The Illinois State Medical Society and the Sangamon County Medical Society haven’t taken stances on the bill.

“I’m just not sure there’s enough science to point one way or the other,” said Dr. Andrew Bland, president of the county medical society.

Andrew Dewey, 51, a Chatham resident and recovering heroin addict, said he might have avoided excessive use of prescription painkillers and eventual addiction to those drugs and illegal drugs if he had access to medical marijuana for pain a decade ago.

Larry Lenkart said he has been able to reduce his use of prescription opioids by one-third and feel less anxiety because of marijuana-infused “gummies” candy and marijuana vaping.

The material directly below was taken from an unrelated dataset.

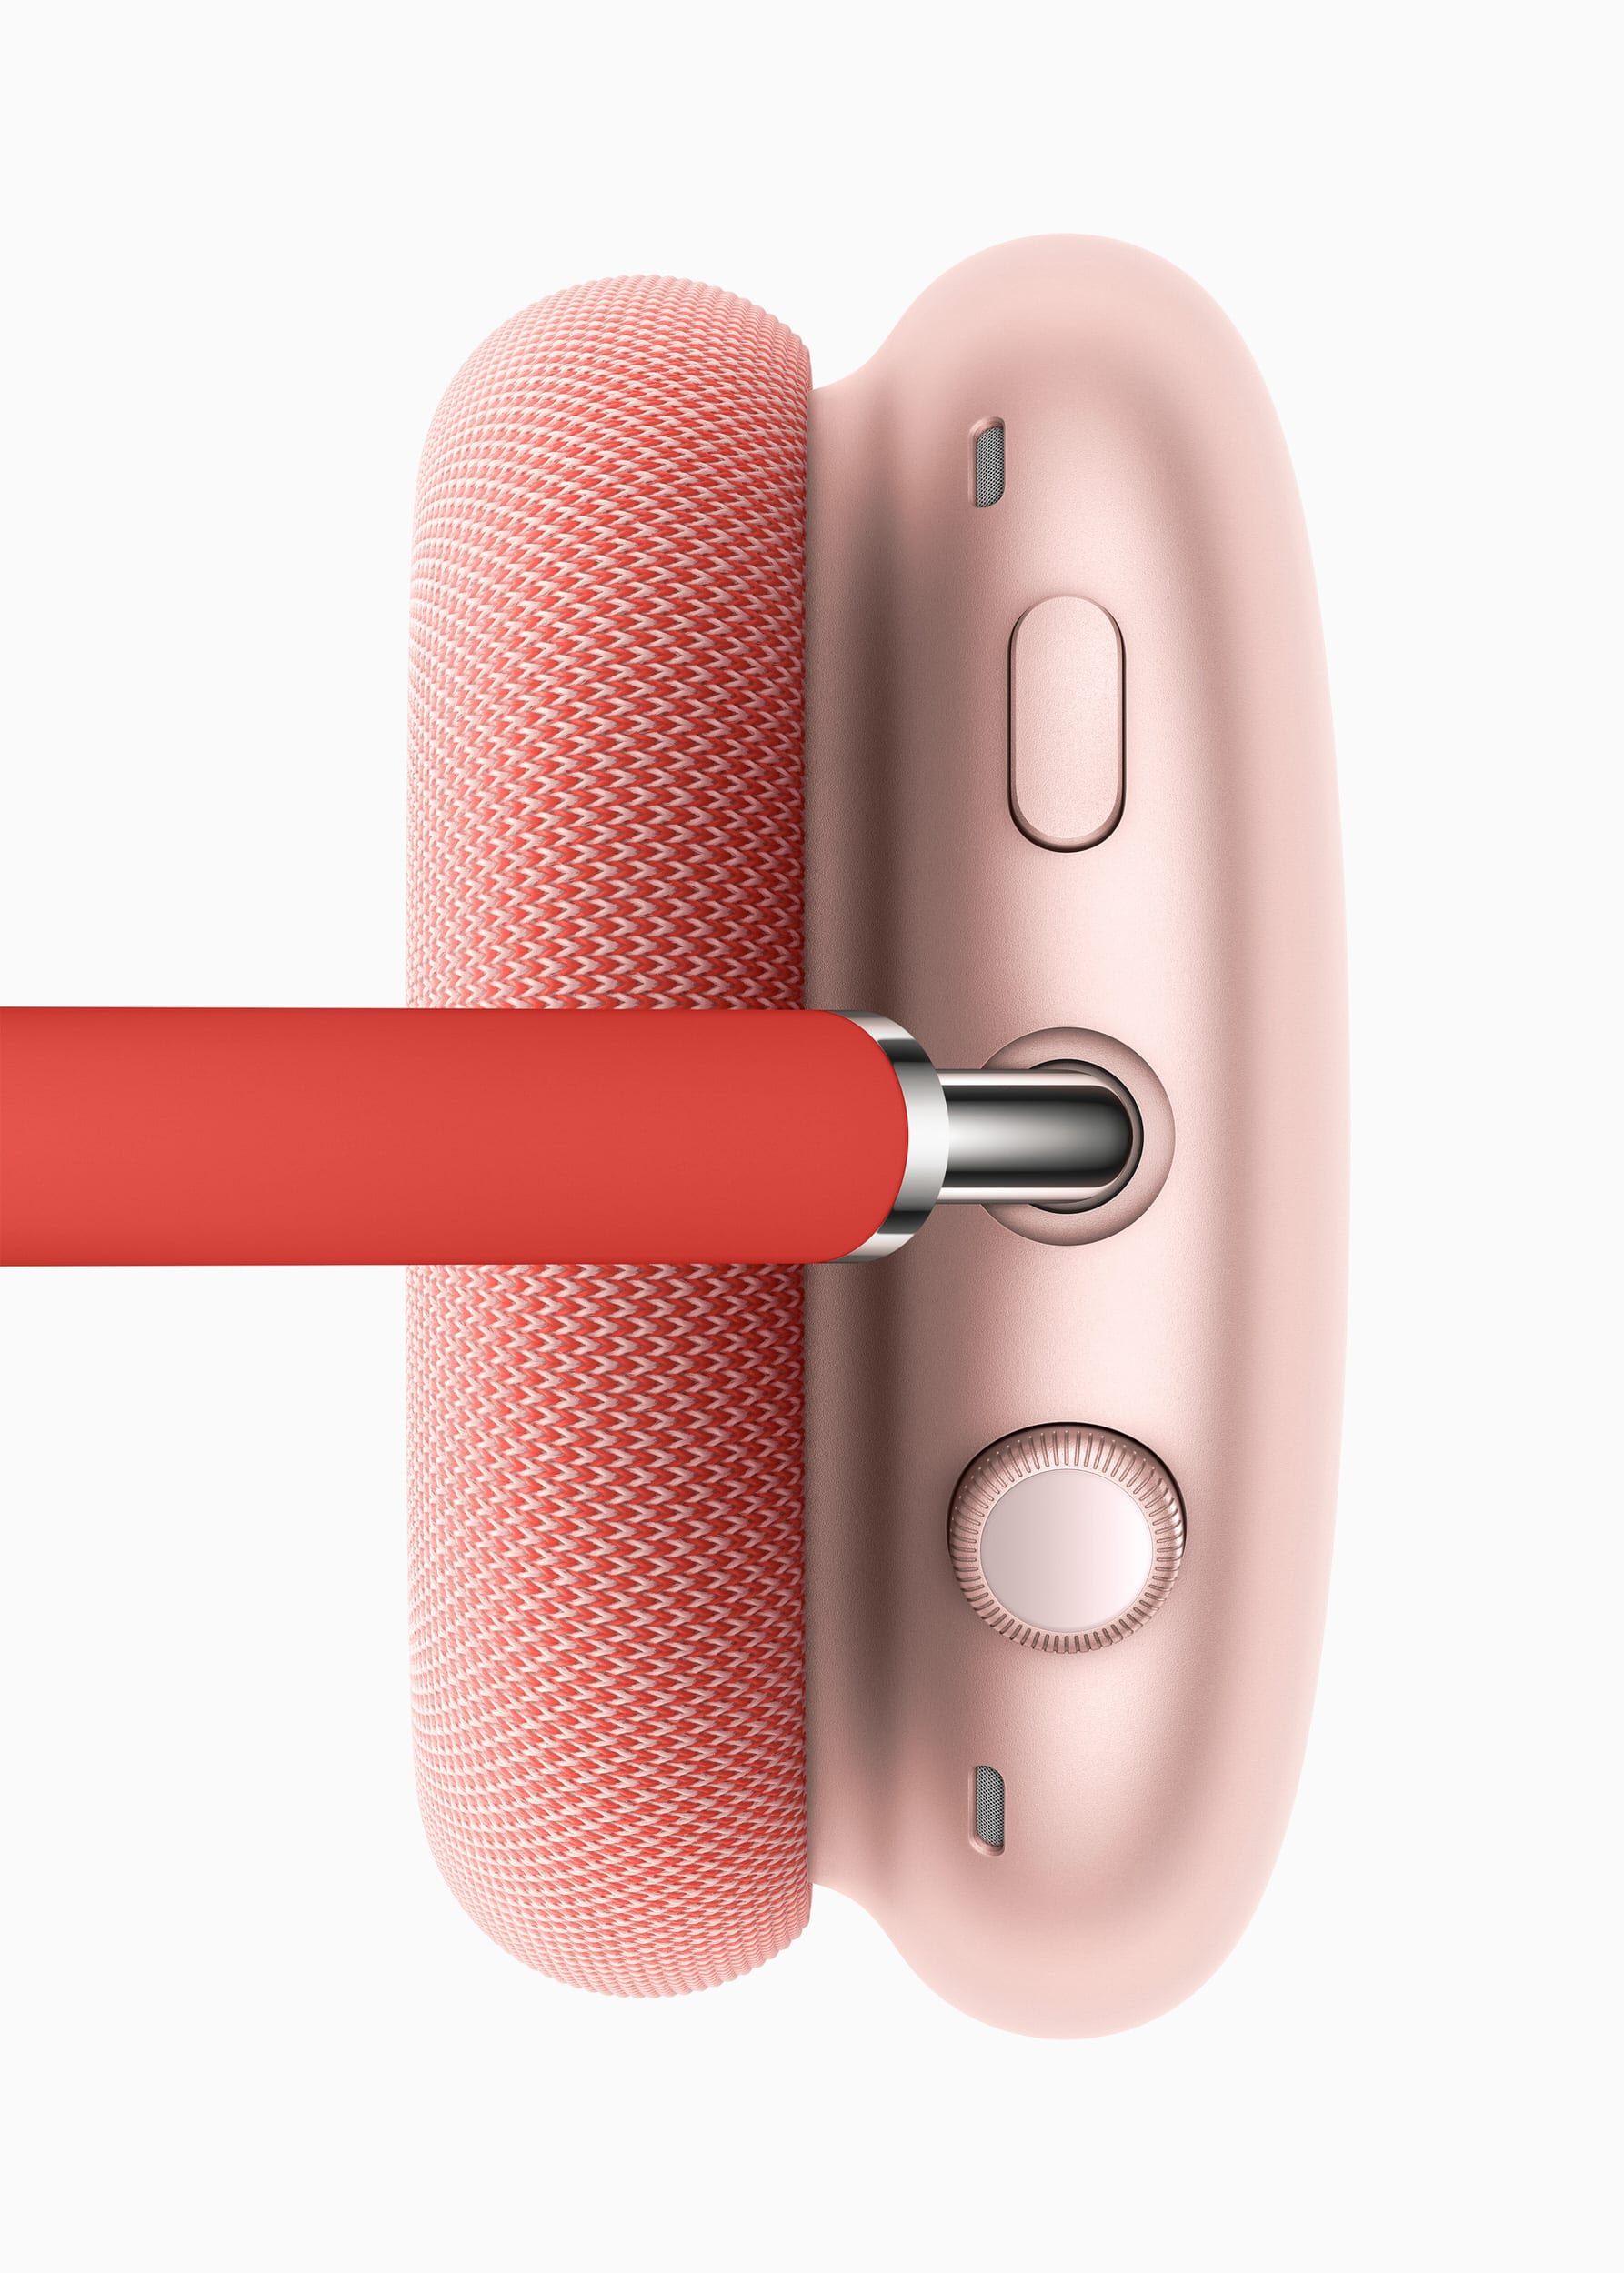 Apple giới thiệu tai nghe AirPods Max, chiếc tai nghe trùm đầu chúng ta đang chờ đợi

Lenkart, 60, of Springfield, said he has dealt with chronic pain related to diverticulitis for 18 years and had to use significant amounts of hydrocodone and other prescription opioids to function at his previous office and retail jobs.

He said he wished he could have qualified for medical marijuana before he was diagnosed in September with pancreatic cancer.

“If I had access to it years ago, I think I would be using a minimal amount of opioids now,” he said. “Anytime I can take less opioids, it’s good.”